** Data segment **
=-=-=-=-=
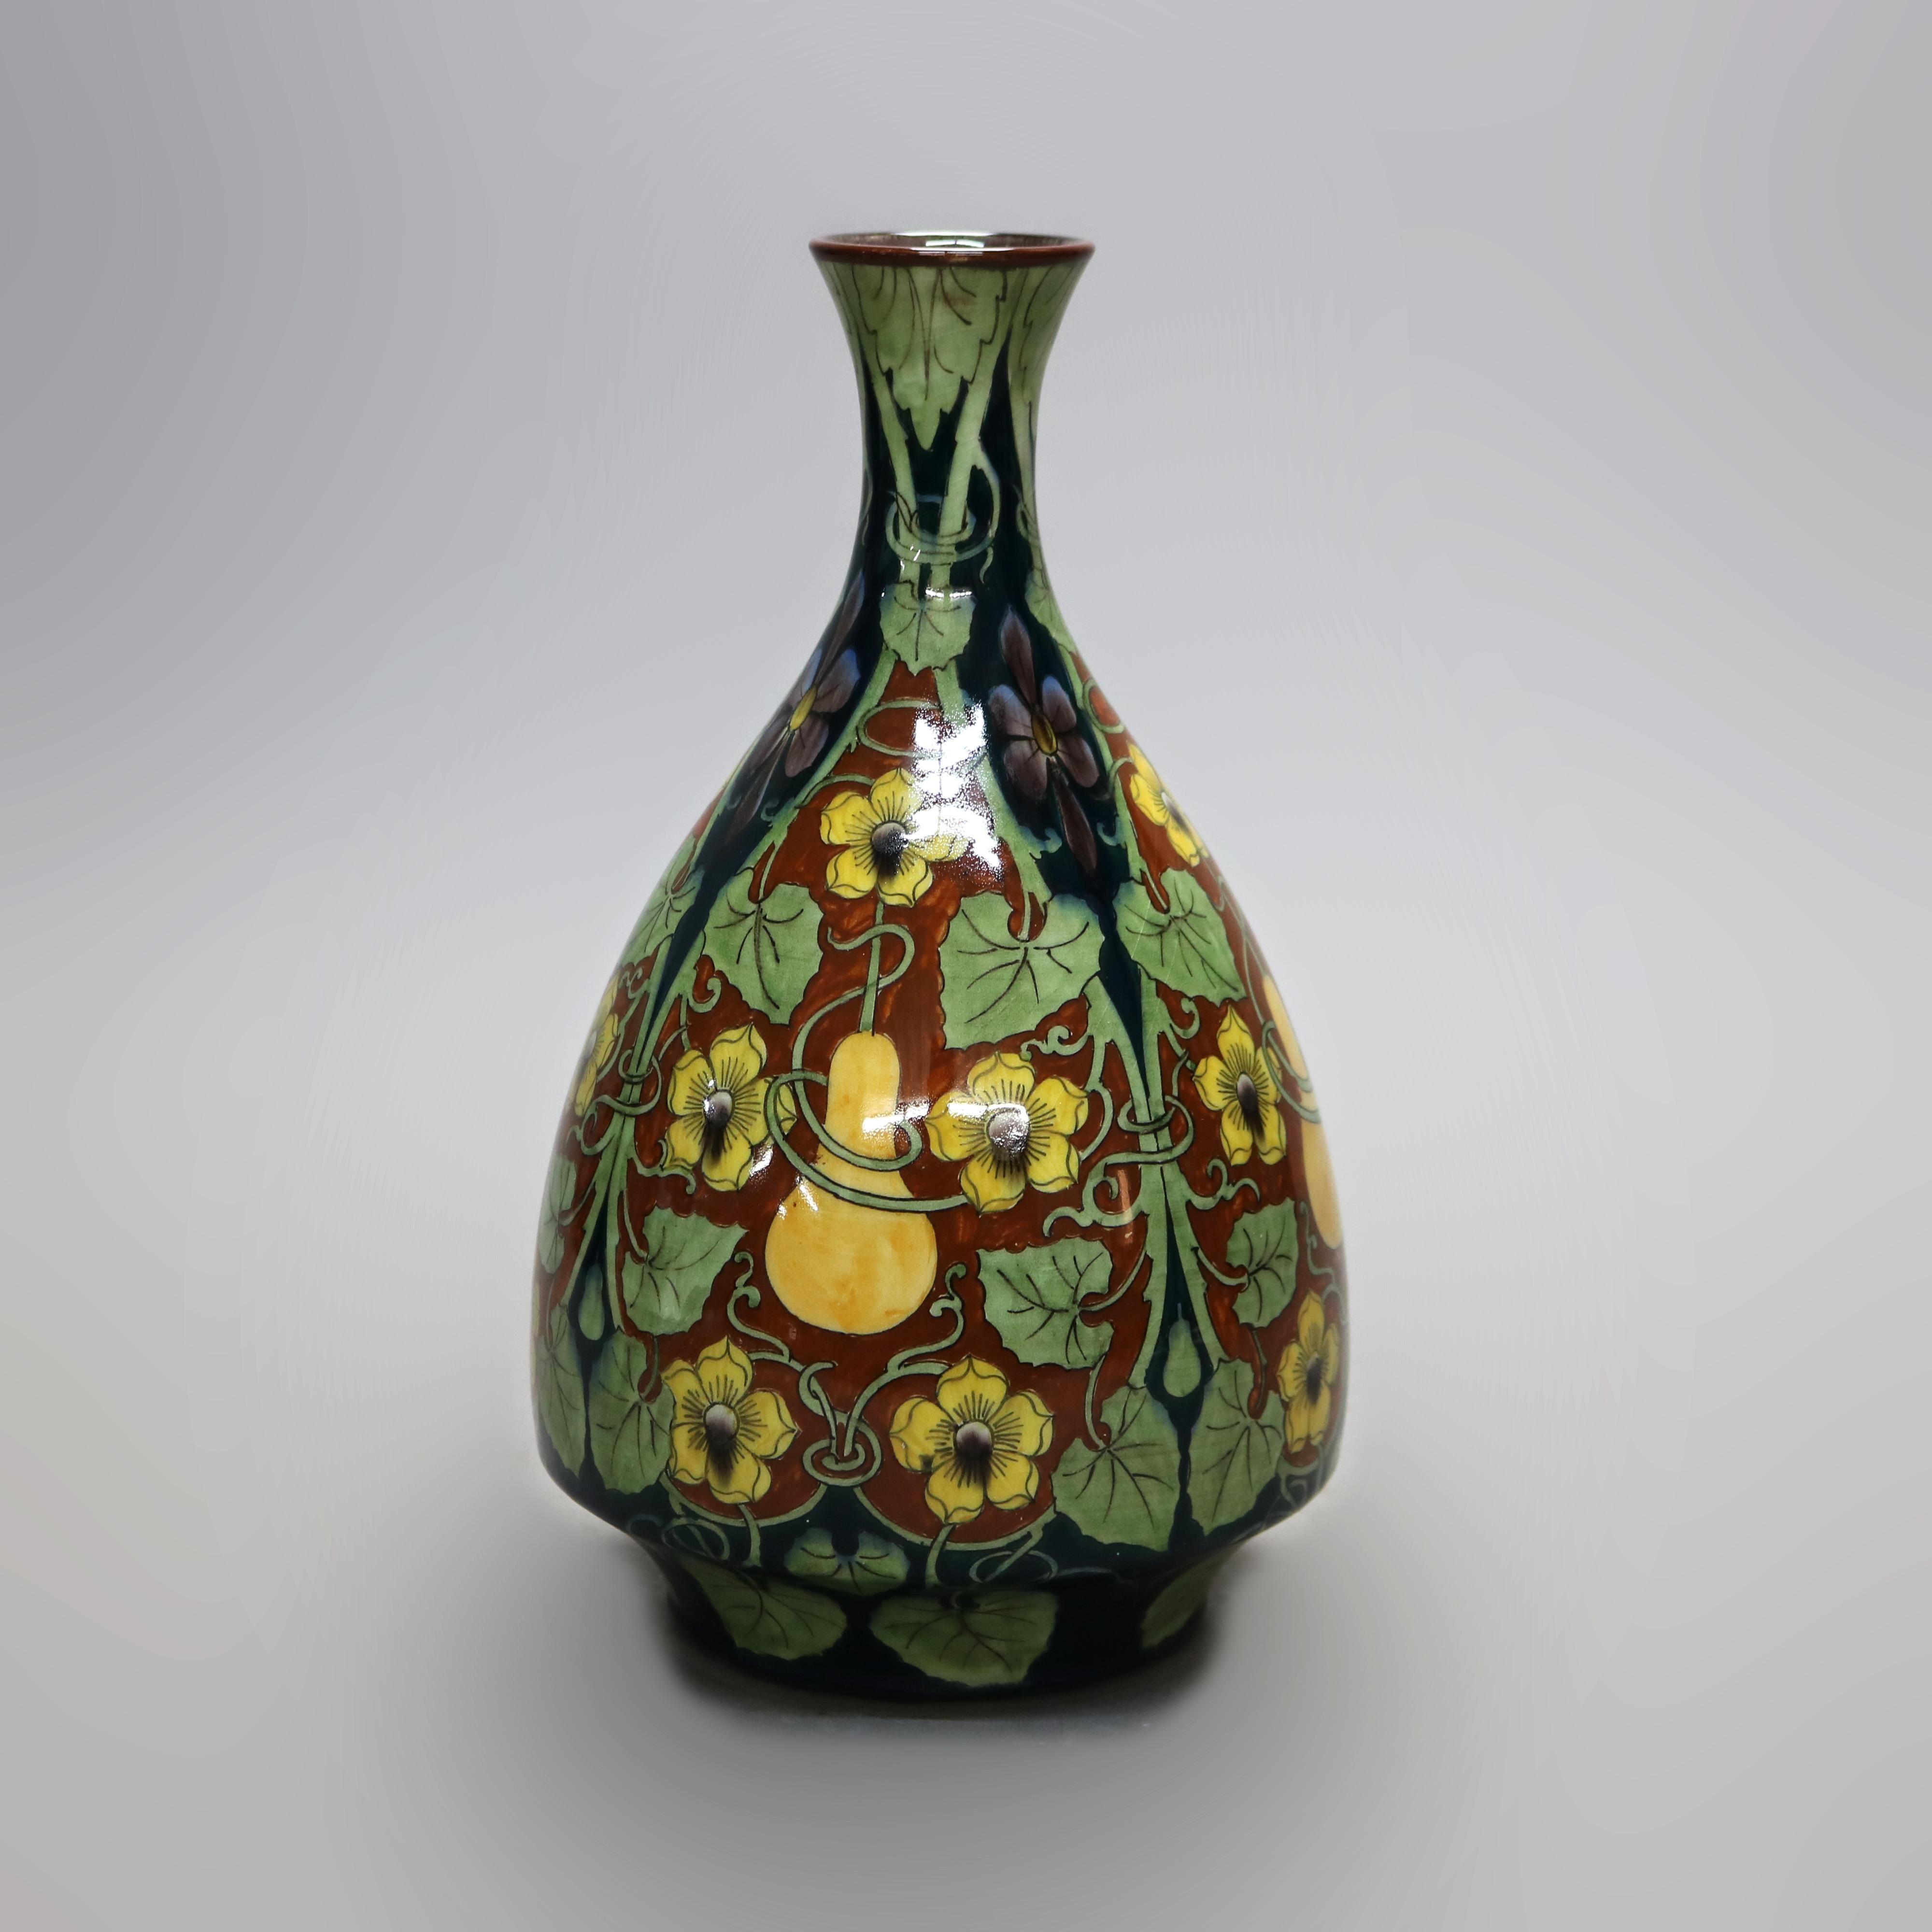 An antique French Luneville Aesthetic vase offers faience pottery construction in bulbous form with hand painted garden decoration having gourd and vine, maker stamped on base as photographed, 19th century

Measures- 12.25''H X 6.75''W X
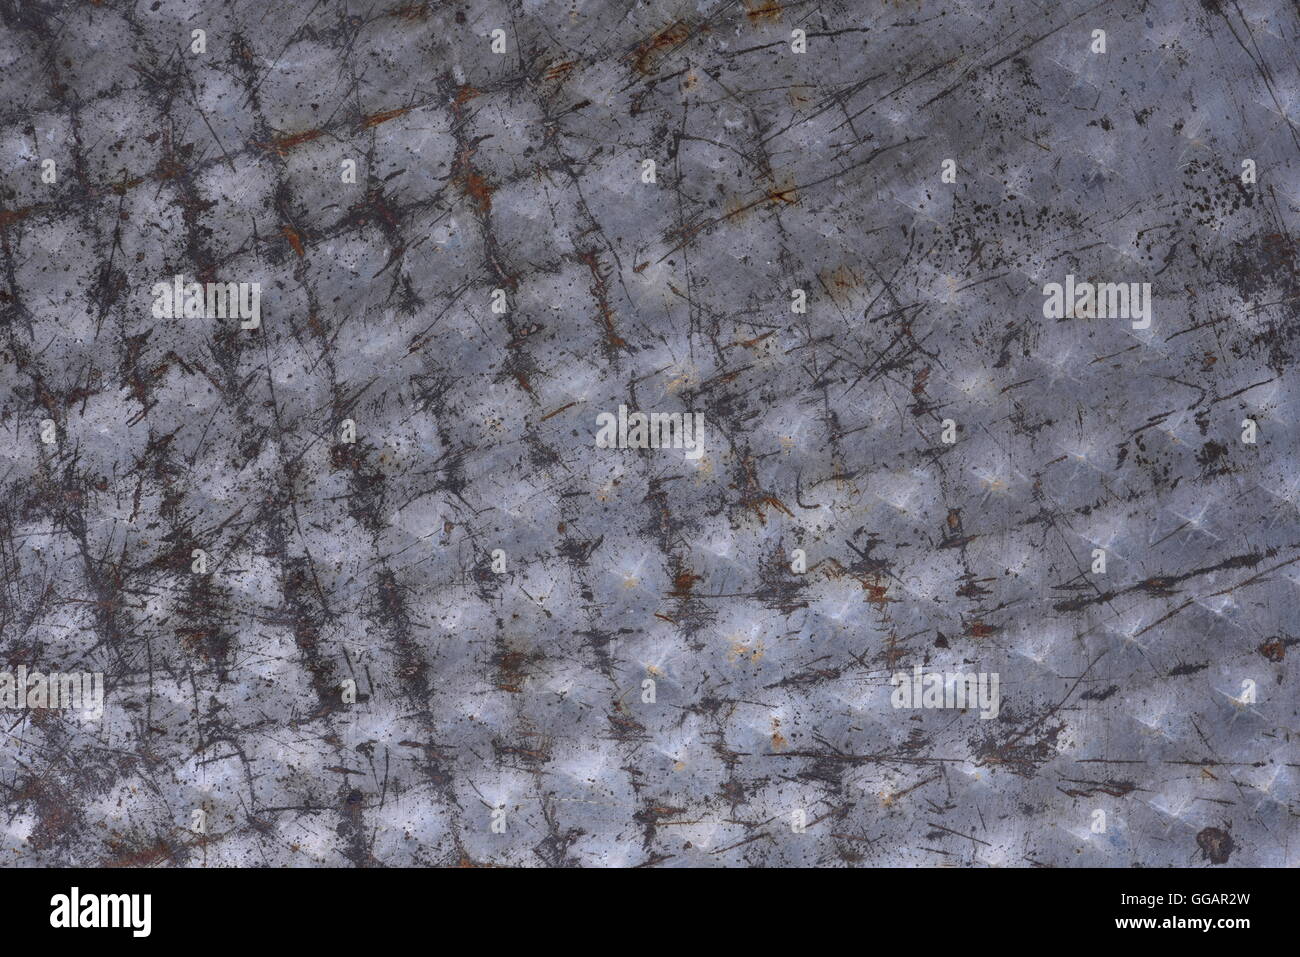 Texture of metal surface Stock Photo
=-=-=-=-=
Please repeat everything in the data above except the pictures, exactly as it reads.

 An antique French Luneville Aesthetic vase offers faience pottery construction in bulbous form with hand painted garden decoration having gourd and vine, maker stamped on base as photographed, 19th century

Measures- 12.25''H X 6.75''W X
 Texture of metal surface Stock Photo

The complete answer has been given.